From the Chinese Foreign Minister to an Arab opinion writer in anti-Zionist Haaretz to government members in Australia and New Zealand to Doctors Without Borders, the allegations of collective punishment increase daily. What is collective punishment?
According to Oxford Public International Law, collective punishment is a form of sanction imposed on persons or a group of persons in response to a crime committed by one of them or a member of the group. As noted by the International Committee of the Red Cross (ICRC), the concept of collective punishment does not refer to sanctions imposed pursuant to the application of penal law characterized by respect for due process, but rather to ‘penalties of any kind inflicted on persons or entire groups of persons, in defiance of the most elementary principles of humanity.
But what if most people in a nation have accepted genocidal aims? What if the Gazans are the new Nazis, totally obsessed with murdering every Jew and taking all of Israel? What if all Gazans support a party, Hamas, which has a charter pledging to kill all the Jews. It seems to me that collective punishment is not applicable to a society where all or substantially all accept the murder and genocide promoted in that society and in its Charter.

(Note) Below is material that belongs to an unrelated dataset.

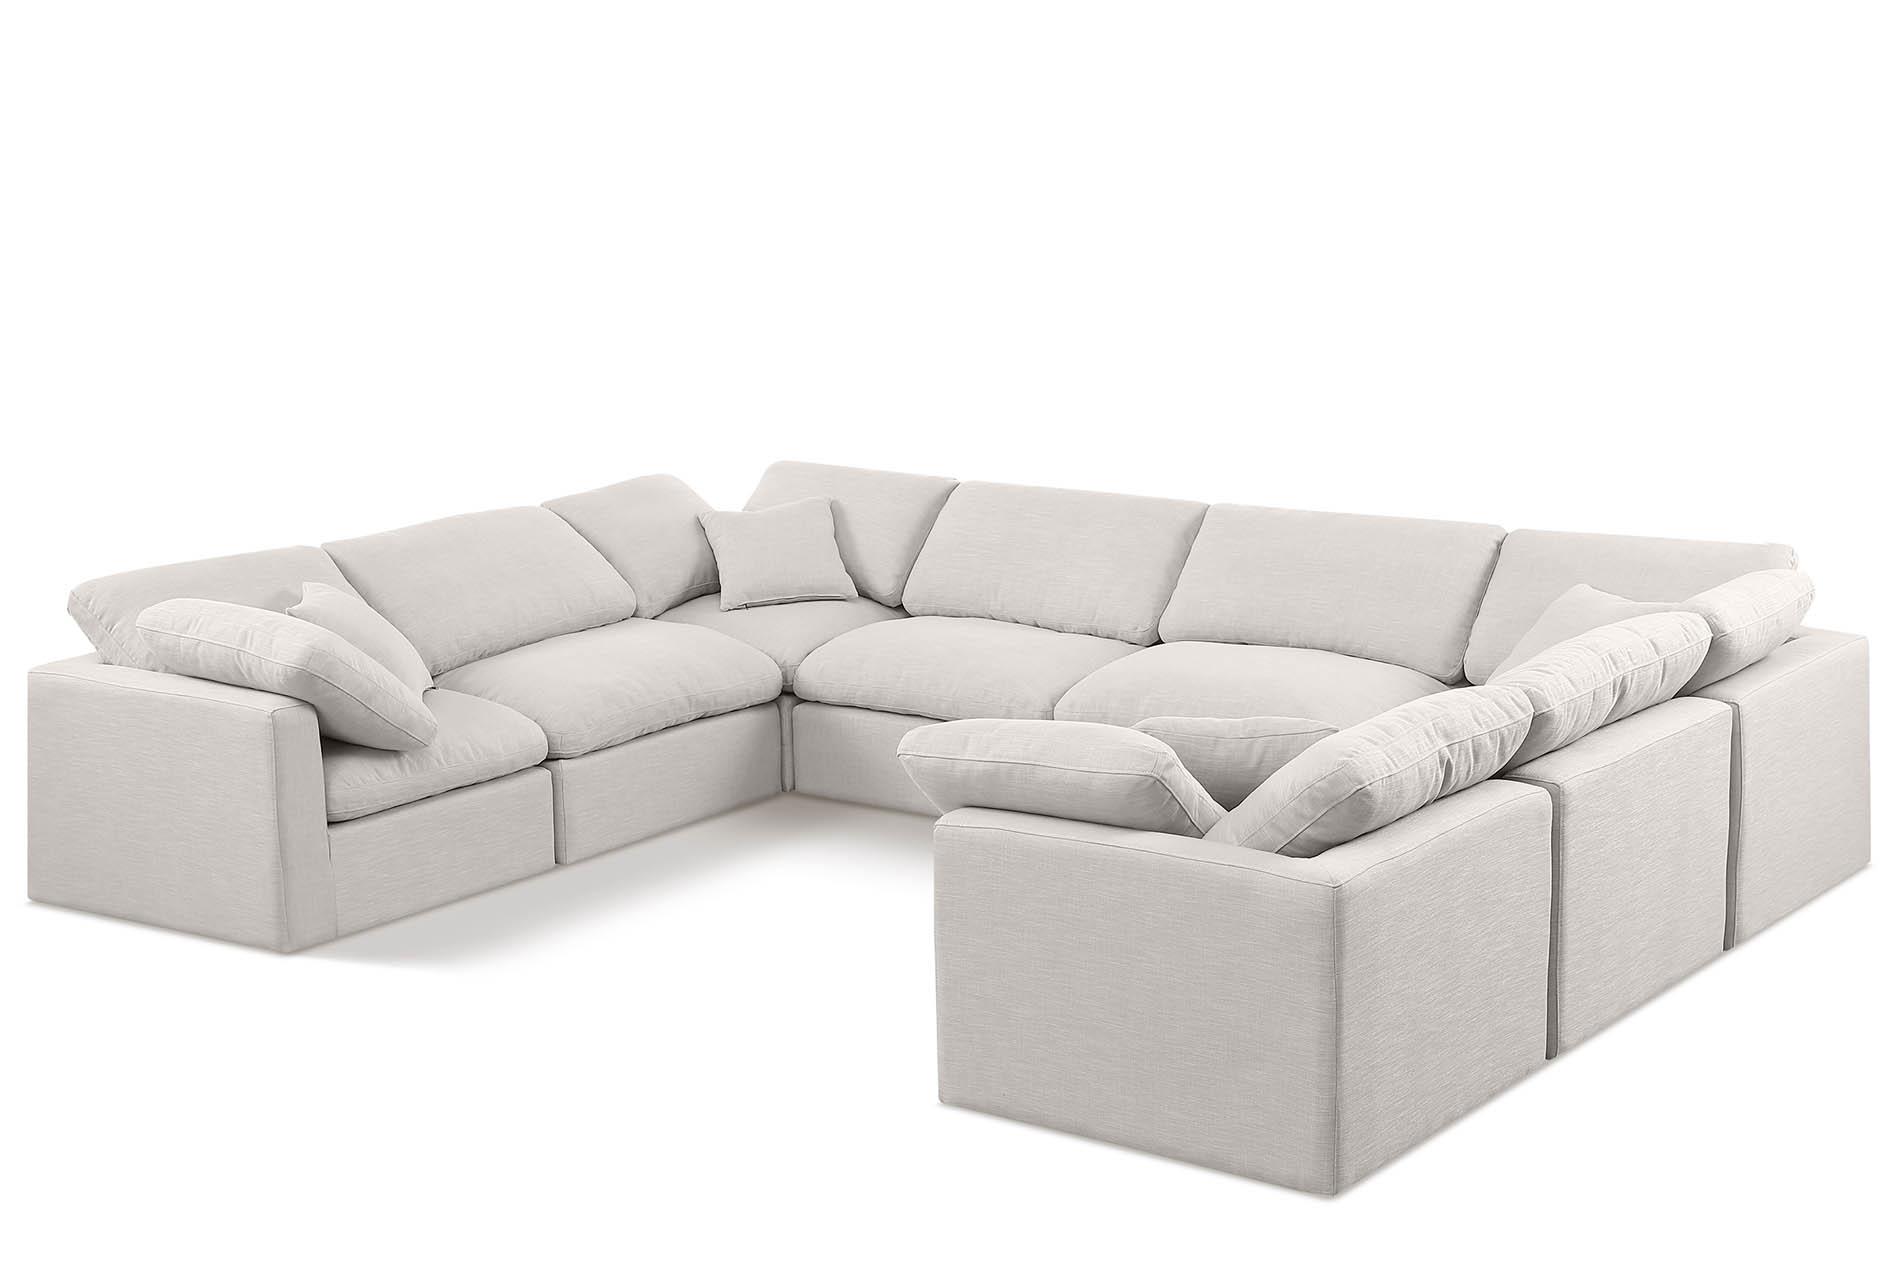 

    
Meridian Furniture INDULGE 141Cream-Sec8A Modular Sectional Cream 141Cream-Sec8A
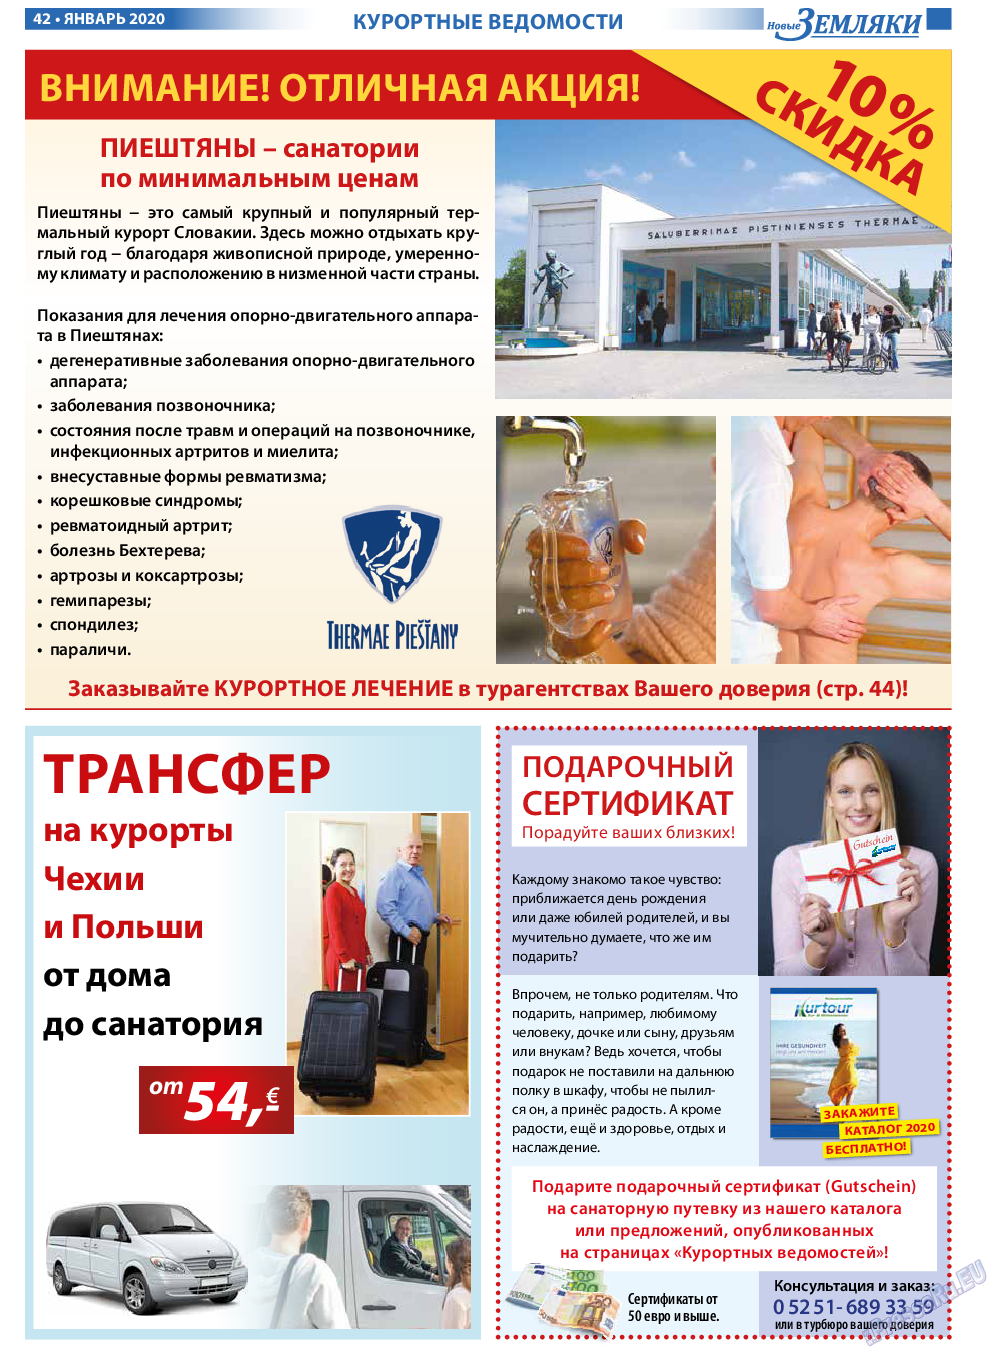 Новые Земляки, газета. 2020 №1 стр.42

Alan Dershowitz, the famous law professor, has written about the international law of proportionality, which is somewhat related and very often misunderstood:
"In the weeks to come, Israeli strikes will accidentally kill civilians in Gaza, because Hamas deliberately uses Palestinian children, women, the elderly and disabled as human shields. Some are willing shields; others are pressured or forced to risk their lives to protect Hamas killers. The international law of "proportionality" allows Israel to destroy important military targets — such as Hamas leaders or rocket launchers — even though they know that a certain number of civilians may be killed or injured. The only requirement is that the military value of the target be proportional to the number of anticipated collateral deaths and injuries among civilians. The rule of "proportionality" does not mean that Israel is permitted to kill the same number of civilians as those killed by Hamas. The rule of proportionality also depends on how "civilian" these "civilians" actually are. Israel legally has more leeway in endangering the lives of civilians who volunteer to be shields, or who are in other ways complicit with Hamas, than they would be with regard to young children or others who are completely innocent."